But every time I call and ask anyone about their breeding stock, they always say the same thing ("they're great!!" or some version of that). I just come to expect it so I didn't feel like making the effort in this case. I knew the risks. Of course I'd prefer to do it in person, but most of the time that's not a feasible option when you are looking for something specific. In this case, I'm playing the odds. He has a good rep and has bought his birds out of proven, top quality birds. And the price was good.


----------



## GaryWCo (Apr 19, 2011)

*Weyer hen*

So how did you make out with your Weyer hen? What line was she from? I'm considering picking up one of his Phantom line birds.


----------



## Kastle Loft (May 7, 2008)

GaryWCo said:


> So how did you make out with your Weyer hen? What line was she from? I'm considering picking up one of his Phantom line birds.

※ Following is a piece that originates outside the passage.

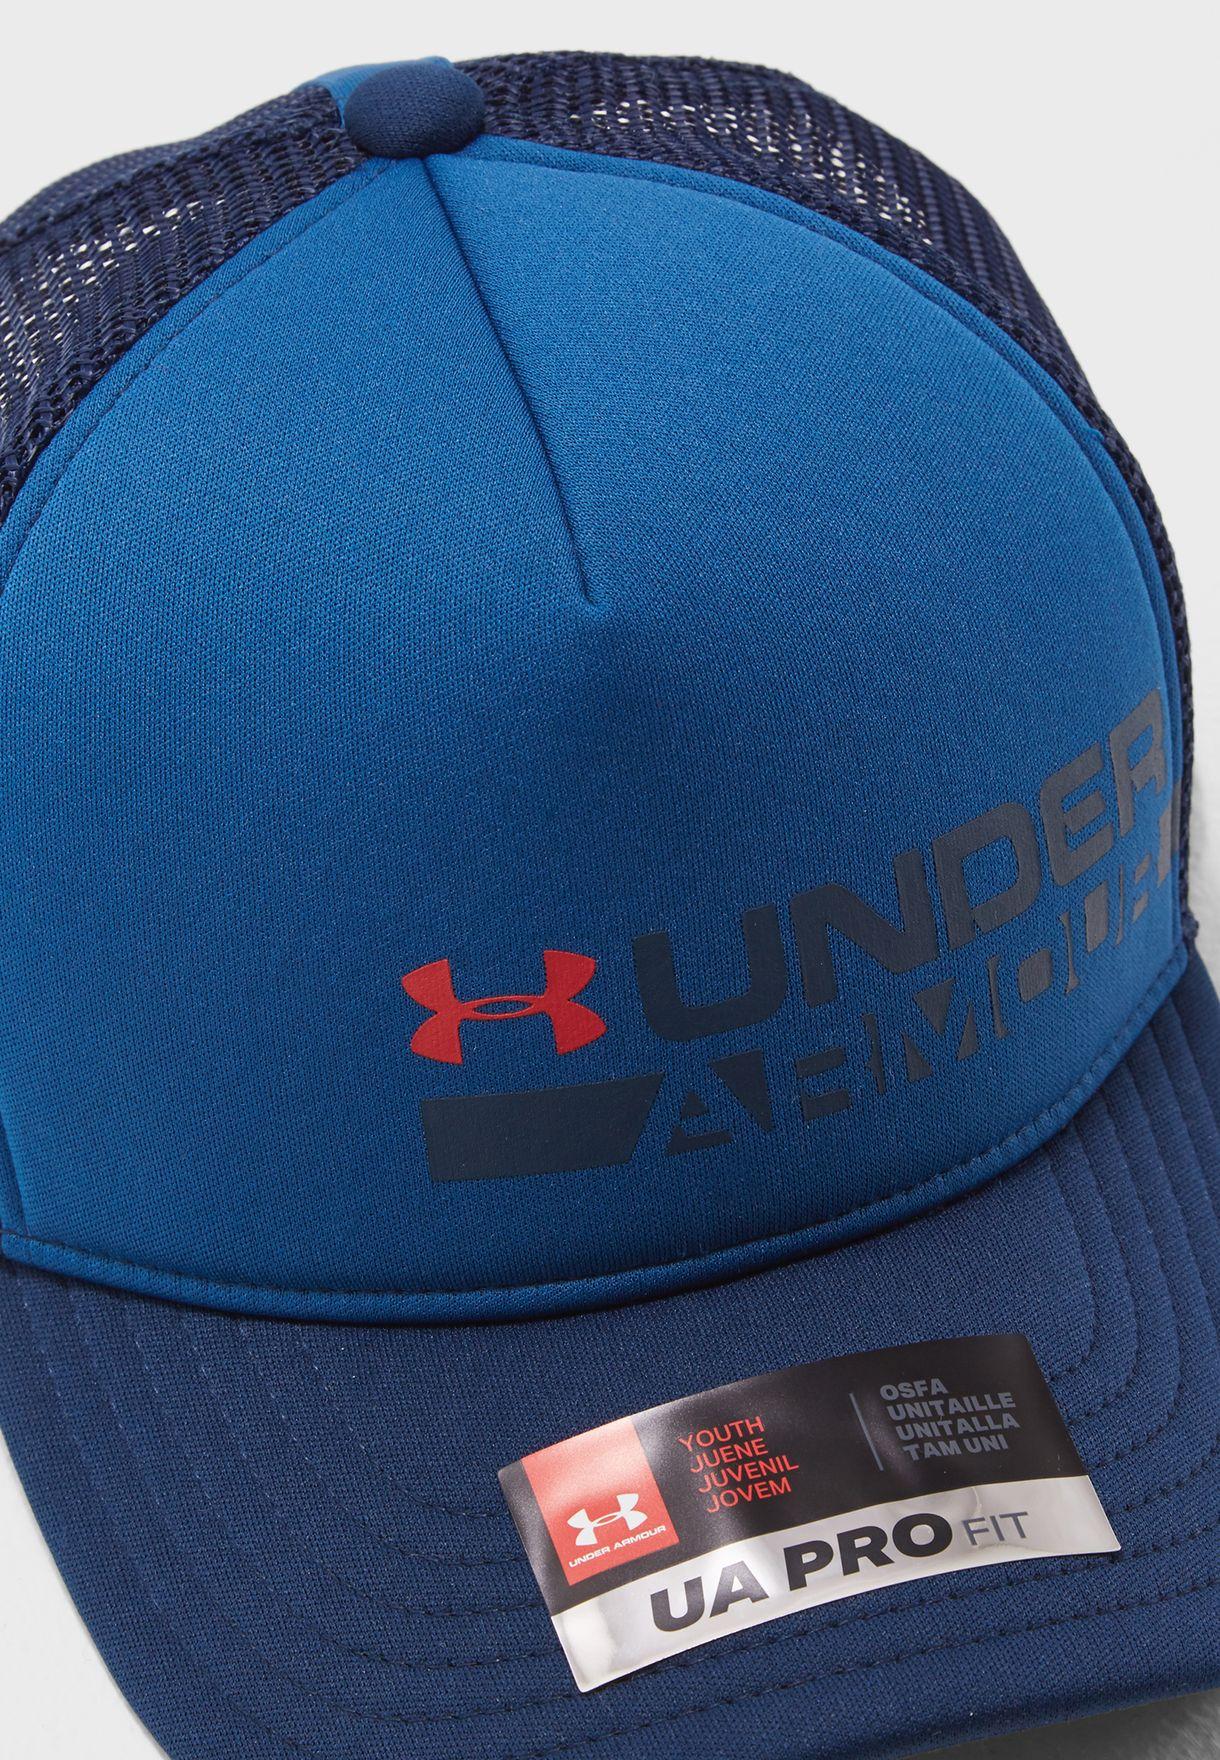 Shop Under Armour blue Kids Novelty Trucker Cap 1305462-487 for ... e1e77c4cc569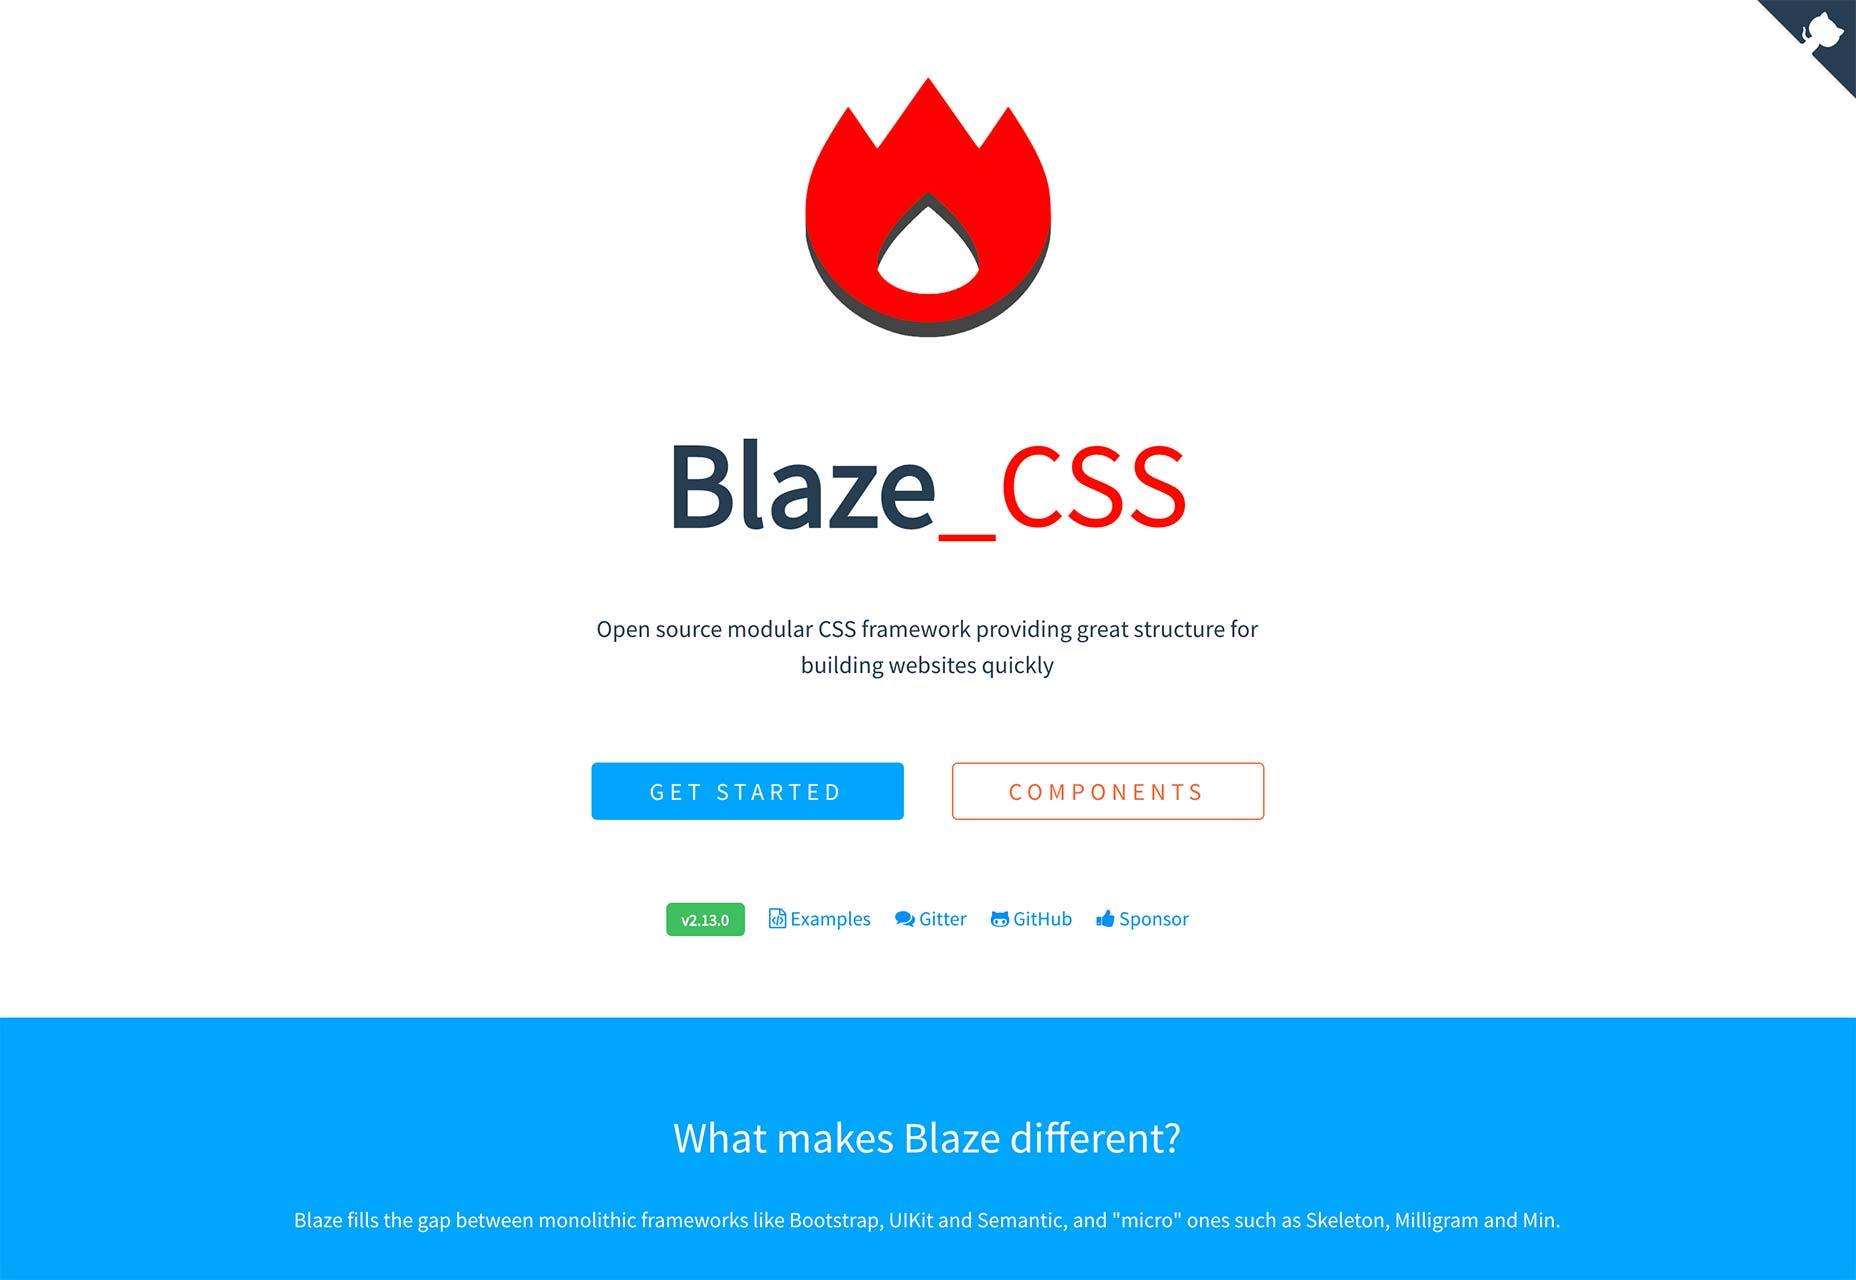 26blaze_css

I'm not sure if that question is directed at me or others - but I'm happy to report that my Weyer hen has turned out to be one of my best. I have very many club diplomas and champion birds from her.


----------



## Roger Siemens (Nov 12, 2011)

its very cool when you read threw the posts and people are happy about the birds they have gotten for a fair price , there is always a risk but its all about learning and if you fly them and they home your birds are good


----------



## bbcdon (Oct 16, 2007)

It has been a couple of years ago, but I talked to someone who was familiar with him. He is in great financial shape, his main passion is breeding & showing a certain type of dog, and he buys top pigeons to breed & sell. He does not race them, but apparently loves to have them around. His prices are extremely reasonable.


----------



## Kastle Loft (May 7, 2008)

bbcdon said:


> It has been a couple of years ago, but I talked to someone who was familiar with him. He is in great financial shape, his main passion is breeding & showing a certain type of dog, and he buys top pigeons to breed & sell. He does not race them, but apparently loves to have them around. His prices are extremely reasonable.


I agree - his prices are the best around considering the pedigrees. You just never get to see or hear of any kind of performances from his birds or their babies. But I'm sure happy with what I have from him.


----------